In a recent study, the group at IFISC used this second method to map cultural regions in the US (Humanities and Social Sciences Communications 10 133). Based on the idea that cultural affiliation can be inferred from the topics that people discuss, the researchers looked at the frequency distributions of words in geotagged Tweets to find regional hotspots for them. From there, they were able to derive the main clusters of topical variation (figure 4).
4 Word culture
By looking at the contents of nine billion geotagged Tweets posted in the US from 2015 to 2021, researchers were able to build frequency distributions of words to find regional hotspots corresponding to their usage. From these words, and therefore the topics people discussed, the team was able to map out cultural regions (a). Each segment is a county, and those coloured white did not have enough data. The topics most frequently discussed in the different regions are: cuisine, fashion, music (blue); sports, school (yellow); nature, weather, outdoor activities (green); urban life, immigration, violence (red); self-reference, Hispanic culture (cyan). The most specific words for each region are displayed in (b).

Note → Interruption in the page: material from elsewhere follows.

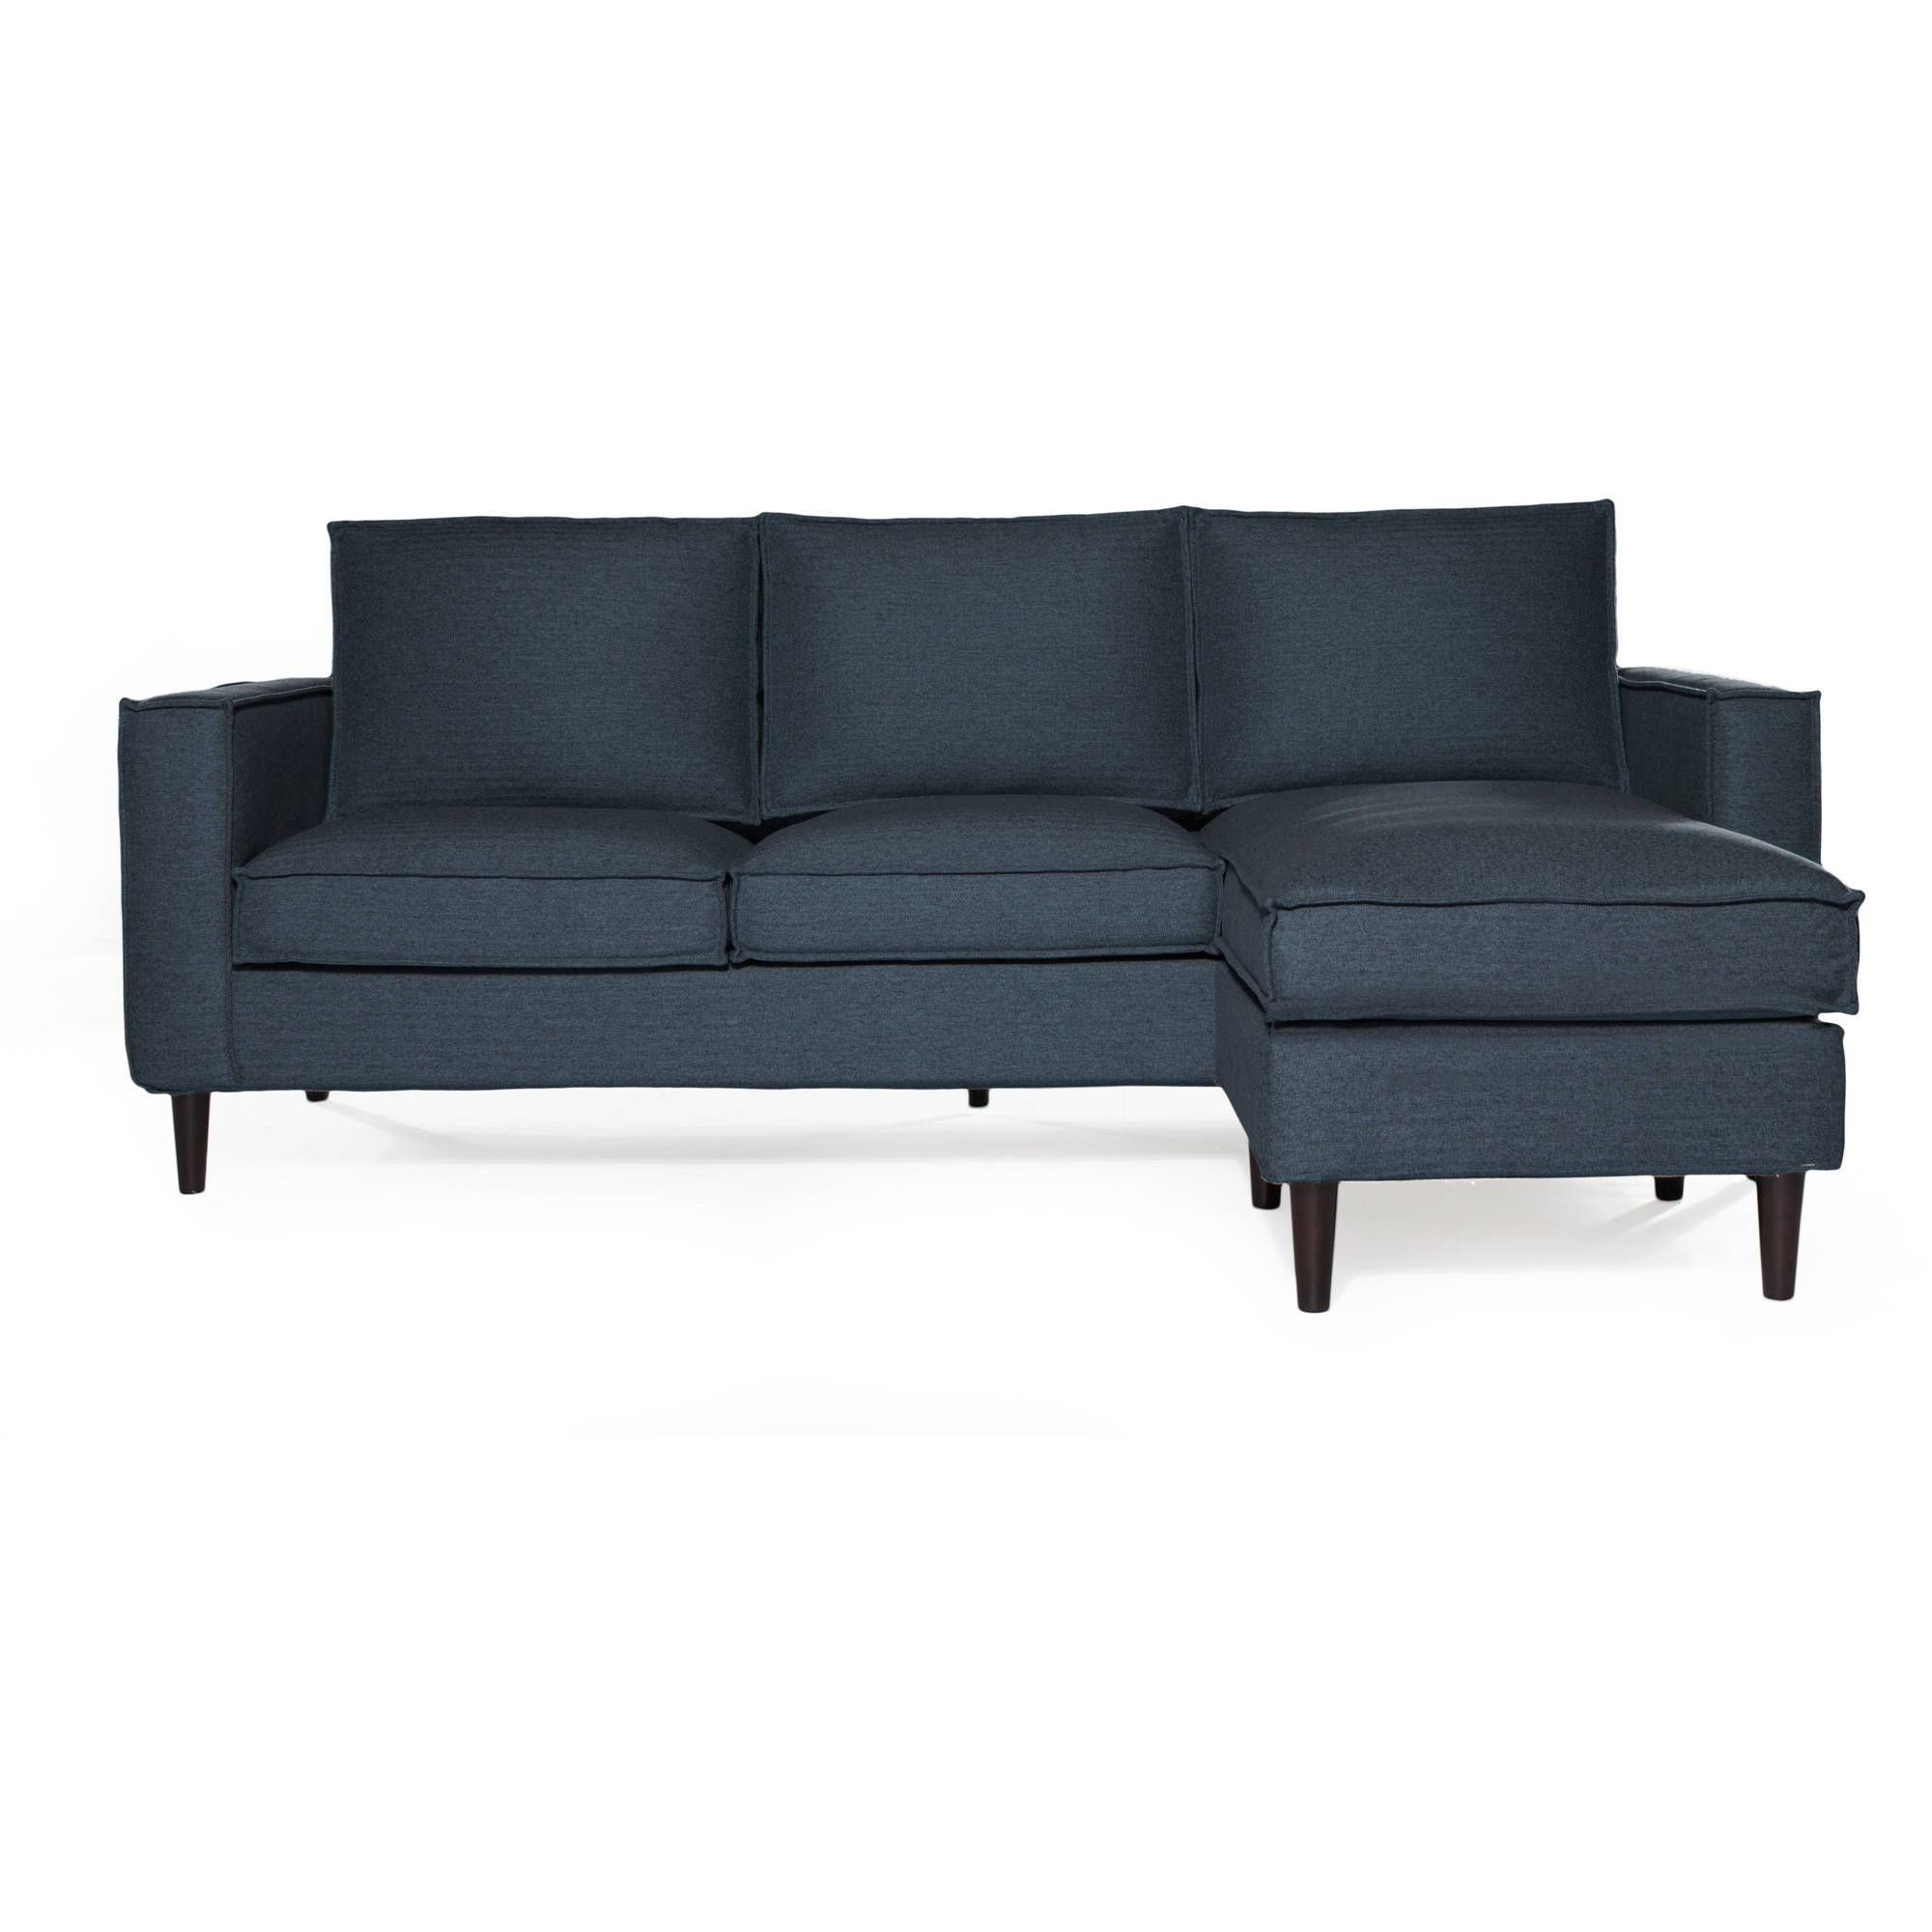 Sofas & Couches – Walmart Throughout Very Small Sofas (View 12 of 25)

Although such studies of social-media data can provide linguistic pictures over short time periods, the future challenge will be to track how languages, and the competition between them, evolve in time. Doing so, however, one has to remember that the way languages are used in real life and online can be different. Most online information is in English, but offline it is only the third most spoken native language, with Chinese far more common (even though it accounts for less than 2% of online language). Furthermore, many existing languages are not represented in online communication platforms at all.
Linguistic diversity
When we give talks to non-physicists about language dynamics, we have noticed that the link between physics and linguistics always triggers lively discussions. Language, of course, concerns us all. Sadly, however, many languages are dying. It has been estimated that 50–90% of the approximately 6000 languages spoken currently in the world will disappear by the end of this century. In other words, on average about every two weeks a language dies. Interestingly, areas with high biodiversity also have high linguistic diversity, and the loss of both occurs in parallel.
Returning to the notion of the research world as an ecosystem, we hope that physics spreading into linguistics does not have a negative effect, as is usually the case when one species invades another. Instead, we foresee a fruitful symbiosis, in which the tools and models of complex systems theory let us understand the mechanisms that drive how languages evolve and spread. This knowledge is not only interesting scientifically but also has a clear social impact that may help shape and support societies that are linguistically more inclusive.